For instance, Nightengale's the only reporter who plainly states that La Russa had a problem with his pacemaker, and he did so in his most recent notebook when addressing the announcement that La Russa is done for the year.
But the next sentence drops in both La Russa's contract terms -- including salary -- and that's new to me:
On the South Side, the White Sox have to determine whether their window of opportunity has already closed. Do they continue to go for it with their same group or blow up the team?
They almost must decide whether or not to bring back manager Tony La Russa, who’s out the rest of the year after undergoing a procedure for his pacemaker.
La Russa has one year and $4 million left on his deal, but there’s a deep divide in the organization whether they should bring him back, boot him upstairs, give the manager’s job to interim Miguel Cairo – or look outside the organization and target someone like three-time World Series champion Bruce Bochy.
Of course the one time Jerry Reinsdorf decides to invest in a manager, it's really just a way to redirect funds to his friend.
There isn't a comprehensive database of MLB manager contracts, but with the salaries that do come out, it's fair to say that $4 million is real manager money. That's what Joe Maddon made with the Angels. That's what Buck Showalter will be making in the final year of his deal with the Mets in 2024. That's what Bob Melvin makes. That's the neighborhood of Terry Francona's salary when Cleveland hired him a decade ago.
According to Jon Heyman, Rick Renteria averaged $1.2 million a season over his three-year deal. That's not bad money -- the Yankees hired Aaron Boone for that neighborhood -- but it reflected both the White Sox's plans to tear it all down, and Renteria's status as a manager with plenty to prove.
There are plenty of reasons why the White Sox should set their sights higher than Miguel Cairo for a La Russa replacement, but the fact that Reinsdorf was willing to pay real-manager money for a manager nobody else in his organization wanted makes a cheap bench-coach promotion a lot harder to swallow.
This discussion assumes that the "deep divide in the organization" will cost La Russa his job for 2023, and as long as Reinsdorf is in charge, nobody should think Sox fans are in the clear. It's more that retaining La Russa isn't worth discussing because it'll just make the White Sox even more of a league laughingstock. What little is left to discuss is depressing as hell.
But even if La Russa leaves his post, his $4 million is still on the books. A similar investment would have the Sox devoting $7 million to their 2023 manager, and if the on-field product is any indication, you can't count on them having the stomach to spend their way past a sunk cost.

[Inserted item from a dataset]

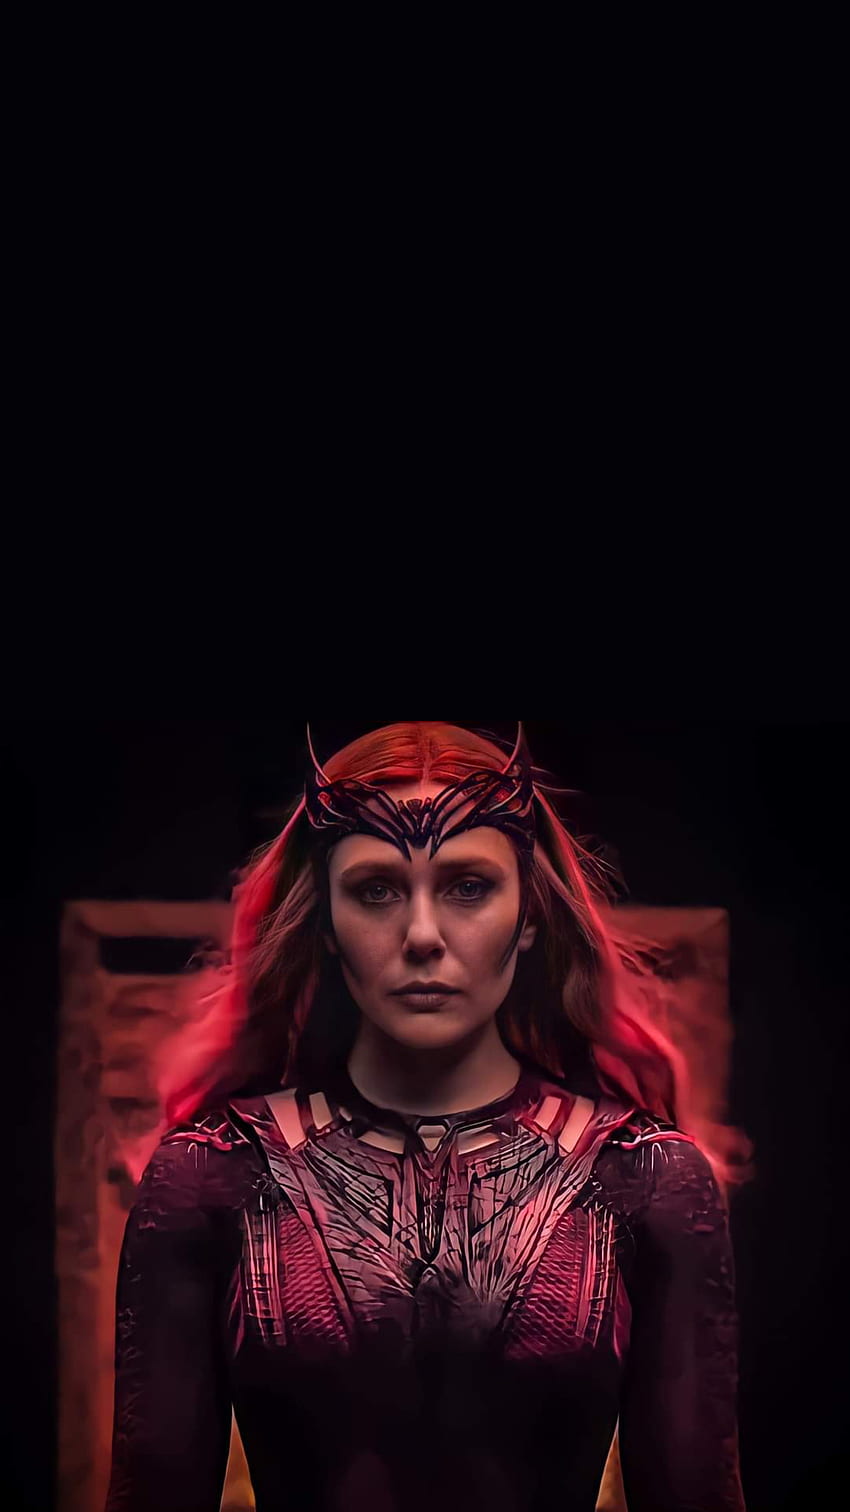 Download wallpaper 840x1336 the scarlet witch wanda vision 2021 fan art  iphone 5 iphone 5s iphone 5c ipod touch 840x1336 hd background 26969

It'd be one thing if the White Sox hired La Russa for a Renteria-like salary that reflected the risk of the hire. It's another if La Russa's salary limits their ability to hire the manager they wanted in the first place. Were the White Sox a government entity, the attorney general would probably have to launch an investigation into this no-bid contract, and you'd get an answer in a year, and maybe some arraignments.